2. Generate a JSON Schema from representative data

qsv schema NYC_311_SR_2010-2020-sample-1M.csv
# Writes NYC_311_SR_2010-2020-sample-1M.csv.schema.json

The output includes inferred types, min/max ranges (for numerics), date formats, enum values (for low-cardinality columns), and pattern regex (when --pattern-columns is used).
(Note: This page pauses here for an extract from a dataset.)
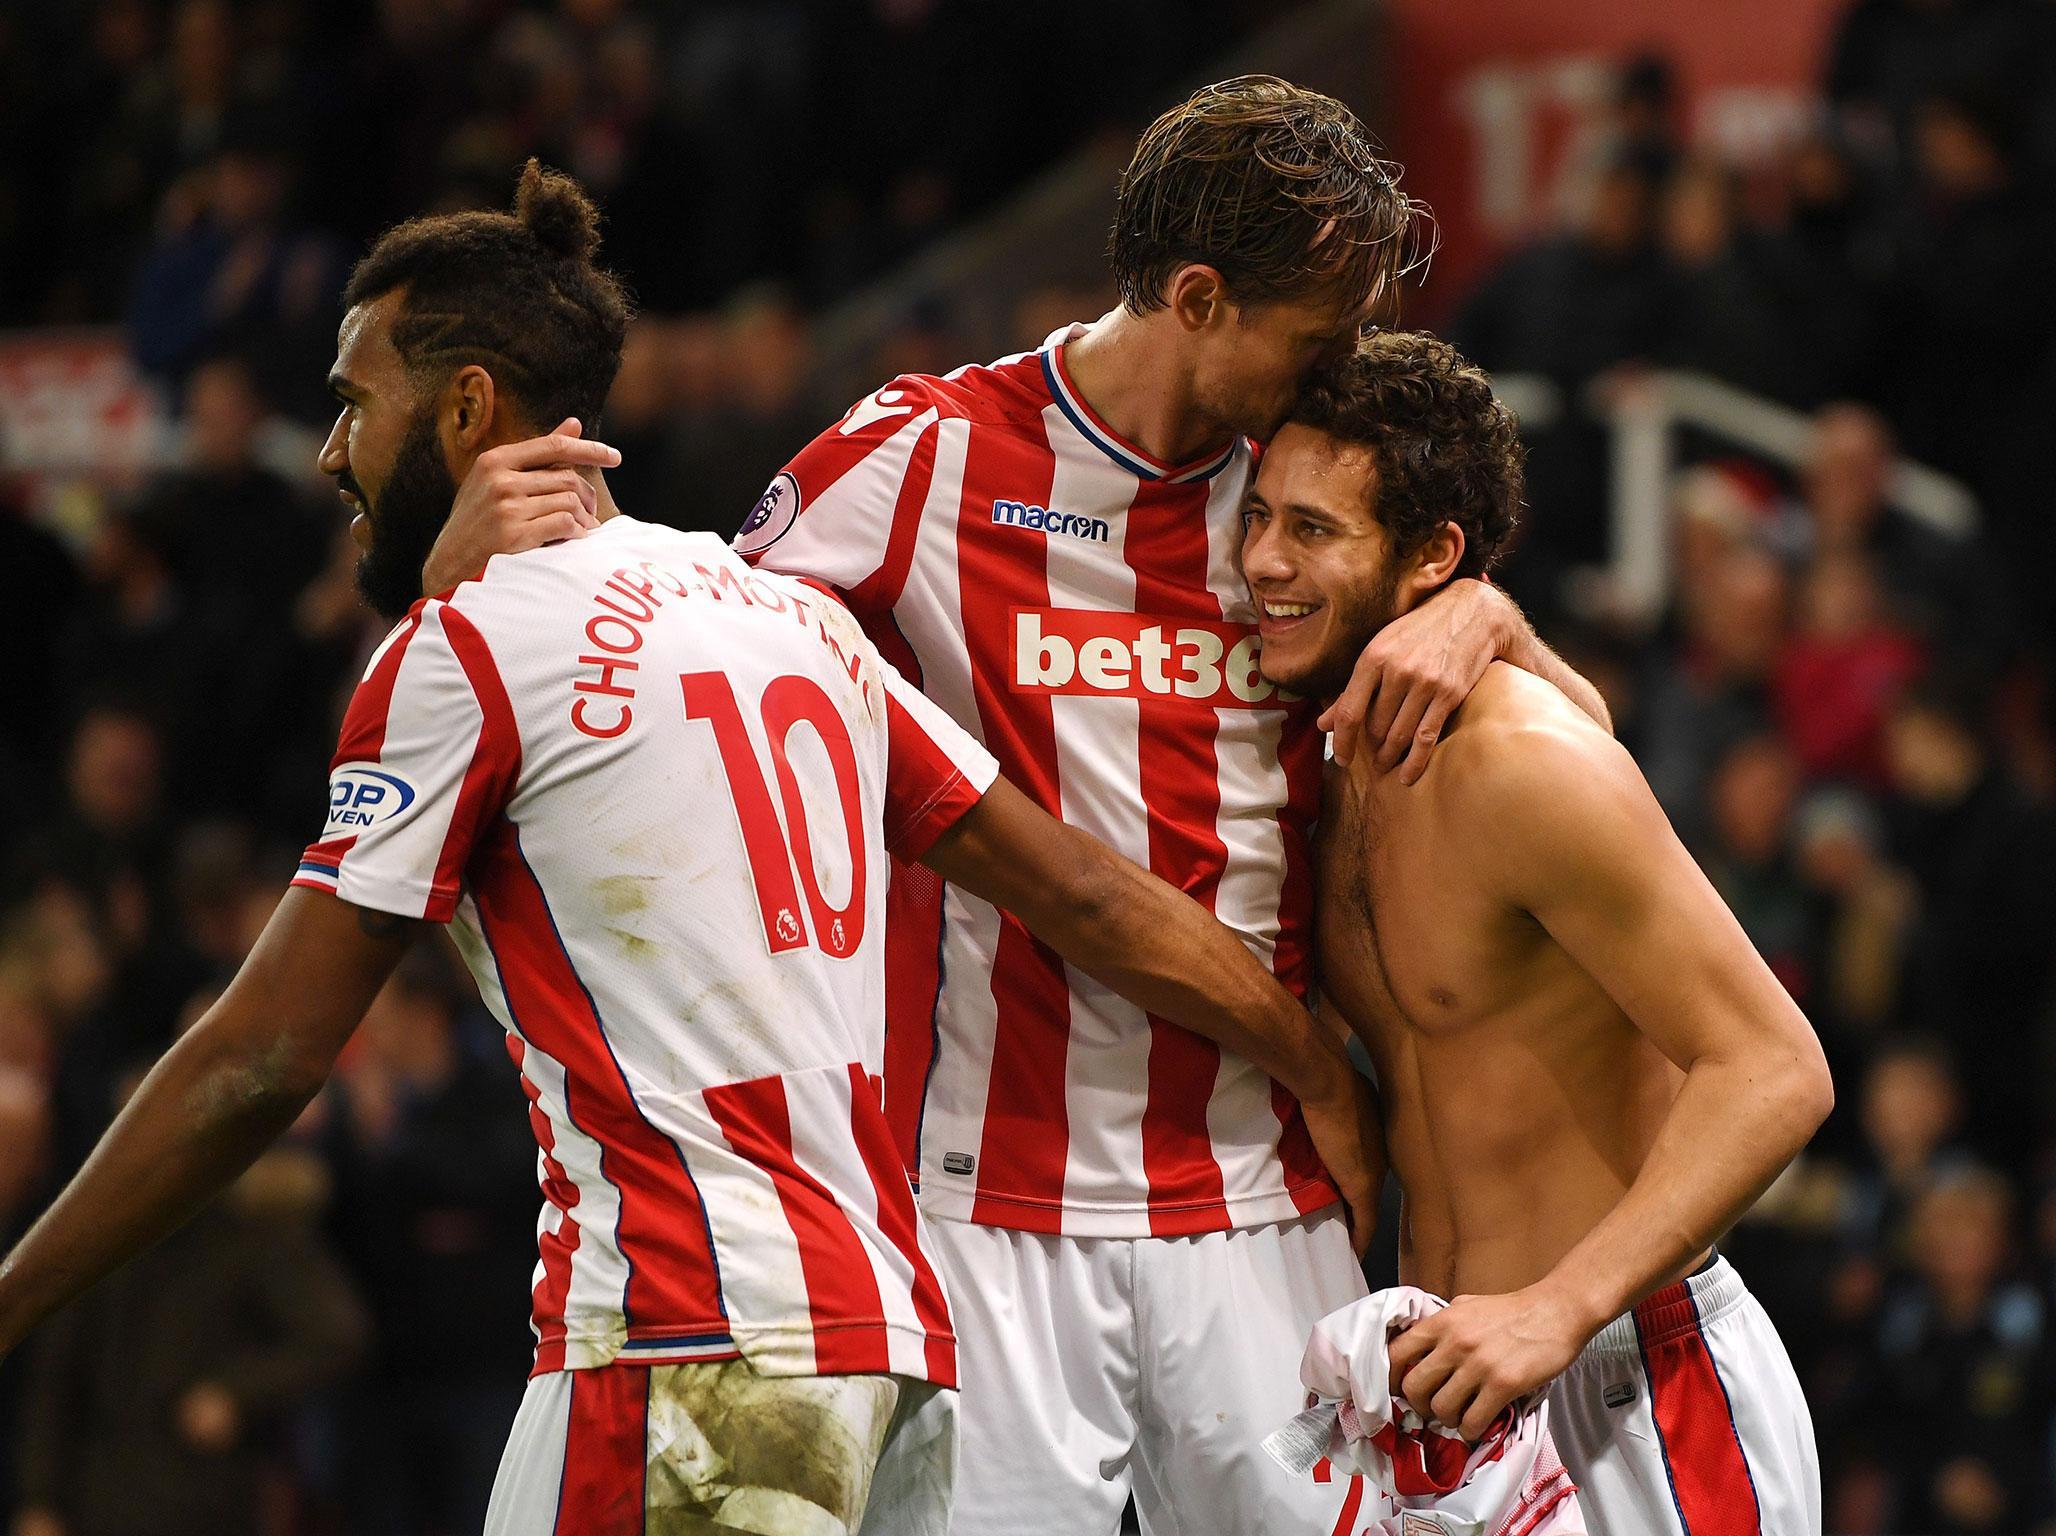 Stoke bagged a priceless win to ease the pressure on Hughes

3. Edit the schema to tighten rules

Open NYC_311_SR_2010-2020-sample-1M.csv.schema.json in your editor. Typical edits:

{
  "properties": {
    "Status": {
      "type": "string",
      "enum": ["Open", "Closed", "Pending", "In Progress"]    // restrict to known values
    },
    "Incident Zip": {
      "type": "string",
      "pattern": "^\\d{5}(-\\d{4})?$"                          // 5-digit or 5-4 ZIP
    },
    "Agency": {
      "type": "string",
      "dynamicEnum": "https://data.cityofnewyork.us/api/views/nyc_agencies.csv"
    },
    "Created Date": {
      "type": "string",
      "format": "date-time"
    }
  },
  "required": ["Unique Key", "Created Date", "Complaint Type", "Borough"],
  "additionalProperties": false
}

The schema is itself a JSON Schema 2020-12 file — so you can validate that it's syntactically correct:

qsv validate schema NYC_311_SR_2010-2020-sample-1M.csv.schema.json

4. Run validation

qsv validate \
  NYC_311_SR_2010-2020-sample-1M.csv \
  NYC_311_SR_2010-2020-sample-1M.csv.schema.json

When everything passes:

  • exit code 0
  • no extra files produced

When some rows fail:

  • exit code non-zero
  • NYC_311_SR_2010-2020-sample-1M.csv.valid.csv — rows that passed
  • NYC_311_SR_2010-2020-sample-1M.csv.invalid.csv — rows that failed
  • NYC_311_SR_2010-2020-sample-1M.csv.validation-errors.tsv — one row per error: row_number, field, error

On the 1M-row sample, expect ~1.5 seconds for a clean run on an M2 Pro. The benchmarked peak is 780k rows/sec.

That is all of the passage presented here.